We are increasingly using technological systems in the application and administration of law. Judges, for example, use computer systems to determine criminal sentences for defendants, and lay people use software like Turbotax to compute their personal income tax. These legal technological systems often involve the use of computer rules that aim to replicate the meaning and logic of some area of law, such as the personal income tax code.

It is well known that social values can be unintentionally embedded in technological systems. When engineers design technological systems, they often have a series of engineering decisions to make: how to implement the system, what the system can and can't do, its limits, capabilities, etc. The core idea of "embedded values" is that when such systems become widely used, the technological design choices made by engineers can end up having the effect of promoting certain social values over others or advantaging or disadvantaging or some societal subgroups, over others.
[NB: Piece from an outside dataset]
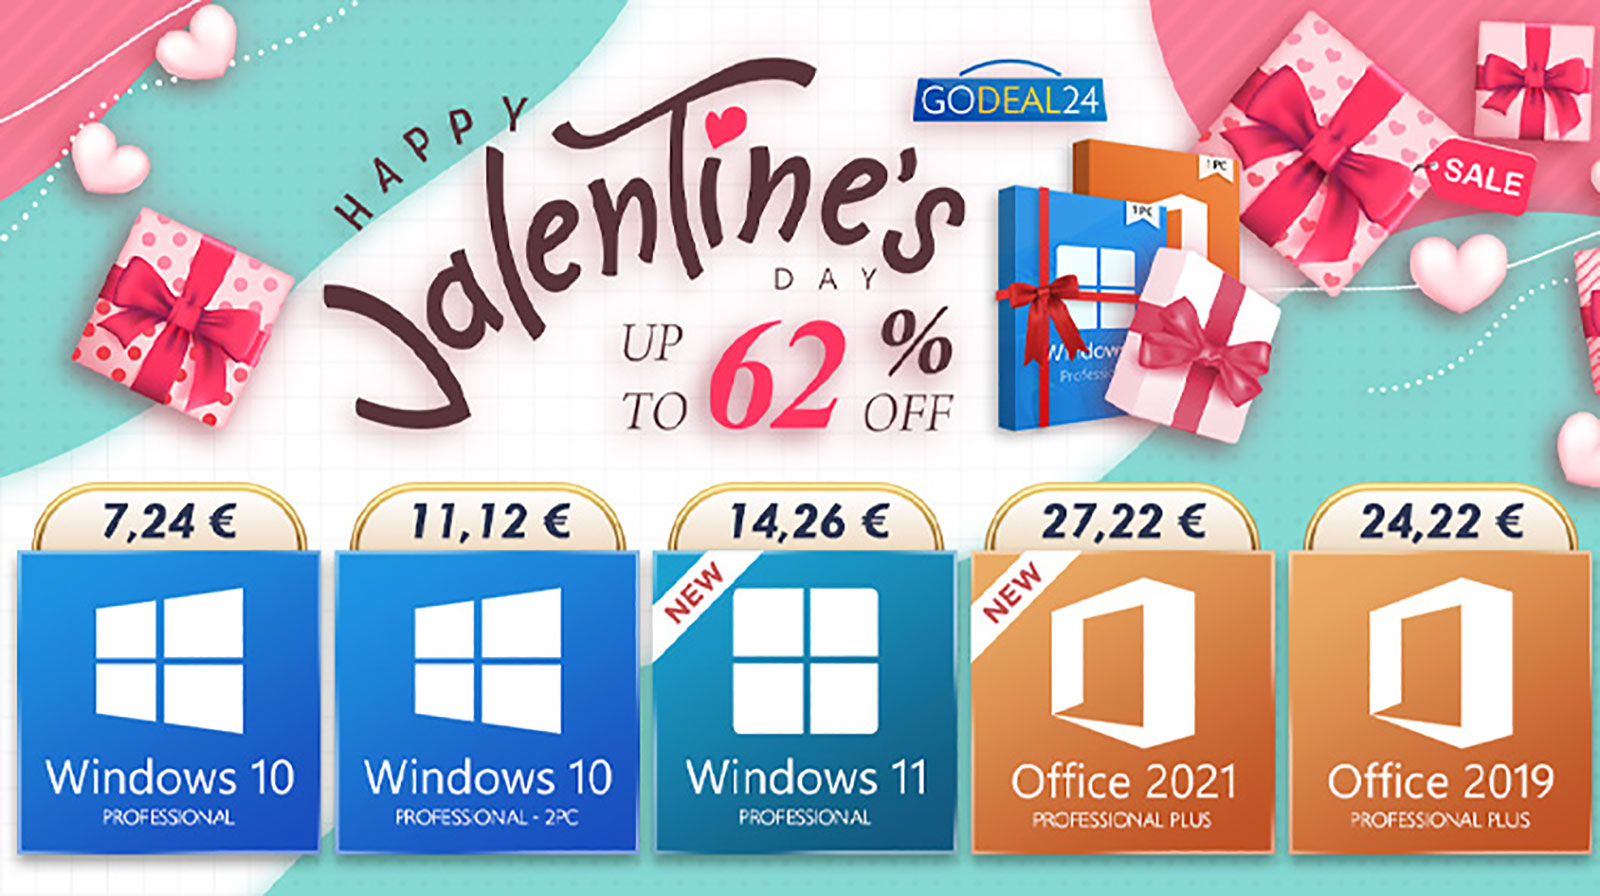 Windows δωρεάν, Valentine’s Day Sale: Αποκτήστε Office 2021 και Windows 11 σε ειδική τιμή

Very little attention has been give to the way that values can be similarly embedded in rules-base legal technological systems. One issue is that the very act of translating a law in a rule for a computer system, actually masks a series of subjective and contestable decisions about the meaning and scope of the law. Most laws involve uncertainty - uncertainty about the meaning of words, or the scope of legal terms, or when the laws apply, or the intent of the law, or the outcome of the law when applied to particular facts. In a typical case, there are multiple, equally plausible interpretations of a law, with slightly different meanings all of which are perfectly reasonable.

However, in rules-based technological systems, programmers (and others) examine a set of laws (such as the personal income tax code) and attempt to translate the logic and meaning of those laws into a set of comparable rules that a computer can follow, all the while attempting to faithfully represent the logic, intent, and meaning of those laws. However, such a “translation” is actually a commitment to one particular interpretation over another. Such computer translations actually involve a series of subjective and contestable decisions about the meaning of the law and these subjective interpretations are then committed to fixed computer rules. In the case of something like Turbotax, where the product is shipped world-wide one subjective interpretation about the meaning of the law becomes multiplied when the software is used by millions of people. The problem is that value judgments about the meaning of laws can become embedded and baked into technology and multiplied around the world, when they are translated into software rules.